Röportaj
06 Tem 2014 12:33 Son Güncelleme: 23 Kas 2018 16:24

“Ortadoğu haberlerini gördükçe içim içimi yiyor”

Duayen gazeteci Sami Kohen Milliyet’teki 60’ıncı yılını kutladı. 60 yıl boyunca haber peşinde dünyayı dolaşan ve ilklere imza atan Kohen çarpıcı açıklamalar yaptı.

Milliyet geçtiğimiz günlerde 64’üncü kuruluş yıldönümünü kutladı. Yıllardır Milliyet’e emek veren isimler de onurlandırıldı. Kimi 20 yıl, kimi 30 yıl,kimi 50 yıl heyecanını kutladı. Sami Kohen ise 60’ıncı yılını... Dile kolay... Hem meslekte hem de aynı müessesede 60 yıl! 1950’nin ikinci yarısından itibaren dünyadaki neredeyse bütün savaşları takip eden, Avrupa, Ortadoğu, Latin Amerika ve Uzak Asya’dan birçok özel haber ve röportajlara imza atan Milliyet’in duayenlerinden 86 yaşındaki Kohen’le haber heyecanıyla geçen bu 60 yılı Milliyet'ten Musa Kesler konuştu. İşte Kohen’in dilinden o 60 yılın öyküsü...

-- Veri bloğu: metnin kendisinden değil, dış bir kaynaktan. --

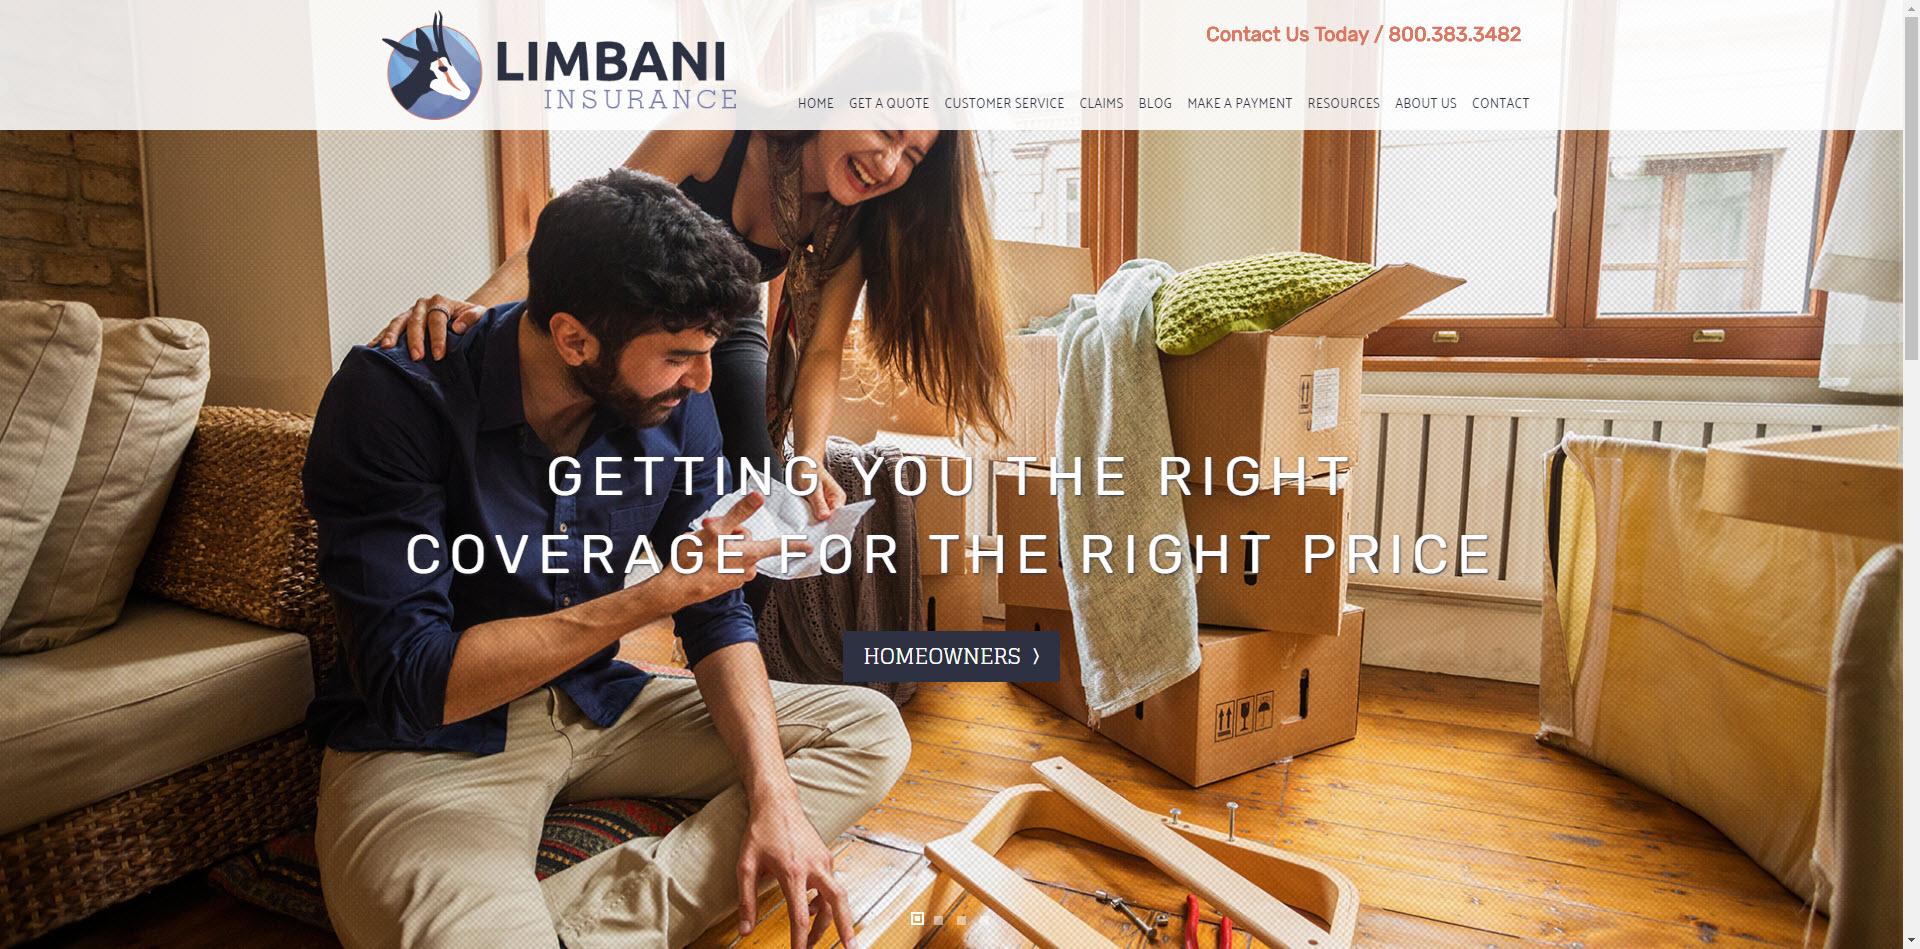 limbani insurance website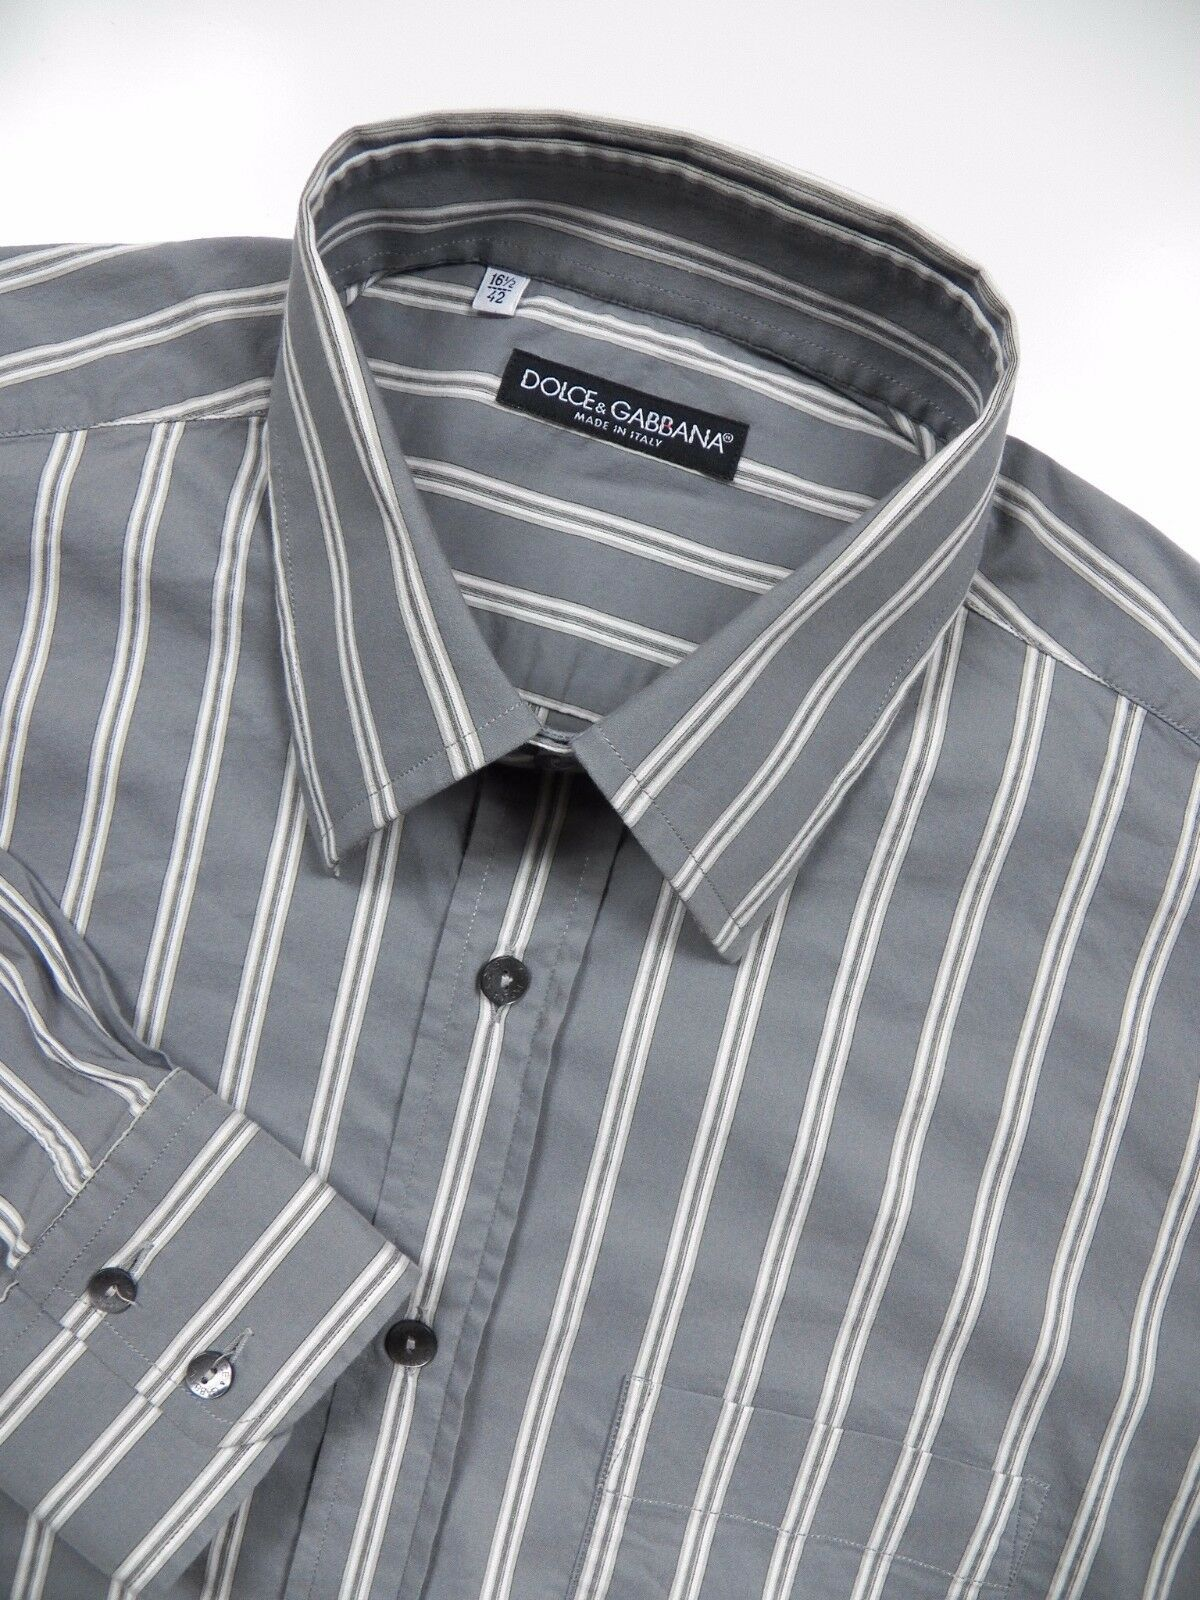 DOLCE & GABBANA  Herren 16.5 LARGE 34 DRESS SHIRT grau Weiß STRIPE STRETCH ITALY

Gazetecilik maceranız nasıl başladı?

Lise yıllarından itibaren gazeteciliğe ilgim vardı. 2. Dünya Savaşı’na dair haberler ilgimi daha da artırdı. O zamanlar “gazeteci olmak” herkesin heves ettiği bir şey değildi. Üniversiteye devam ederken birçok gazeteye başvurdum. Hatta Anadolu Ajansı’na da başvurdum. İngilizce ve Fransızcam iyiydi. Talebim kabul edilmedi. Bana destek olacak bir yakınım, tanıdığım da yoktu.

Sonra?

1950’de Yeni İstanbul diye bir gazete kuruldu. Ciddi ve güzel bir gazeteydi. Habib Edip Törehan adlı Zürih’te yaşayan bir işadamı tarafından kurulmuştu. İsviçre gazetesi gibiydi. Resim az, haber çoktu. Ben o gazeteyi seviyordum. “Tetkikler” diye misafir yazarların yorum yazıları yazdığı bir köşeleri vardı. Ben oraya Ortadoğu üzerine bir yazı gönderdim, yayımlandı.

Tarihi hatırlıyor musunuz?

1950’nin ocak ayıydı. Gözlerime inanamamıştım. Sonra tekrar gönderdim, tekrar yayımlandı. Derken bir mektup aldım, gazeteye davet ettiler. “Yazılarınızın bedeli” diyerek bana para ödediler. Ben de yazı göndermeye devam ettim. Sonra Genel Yayın Müdürü Mustafa Nermi
beni mektupla davet etti.

Sizi görünce şaşırdı mı?

Beni gördüğünde gözlerine inanamadı. “Evladım çok gençsin, sen mi yazdın
o yazıları?” dedi. Ortadoğu üzerine konuştuk. “Ne yapmak istiyorsun?” diye sordu. Ben de gazeteci olmak istediğimi söyledim. O zaman dış haberler diğer haber sayfalarının içindeydi. Ayrı bir sayfası yoktu. Ama Törehan dışardan gelen haberlere önem veriyordu ve onları diğer haberlerden ayırmak istiyordu. Bu da benim için bir şans oldu. Nermi, beni patron Törehan’a götürdü. O da bana iş teklif etti. Hemen kabul ettim.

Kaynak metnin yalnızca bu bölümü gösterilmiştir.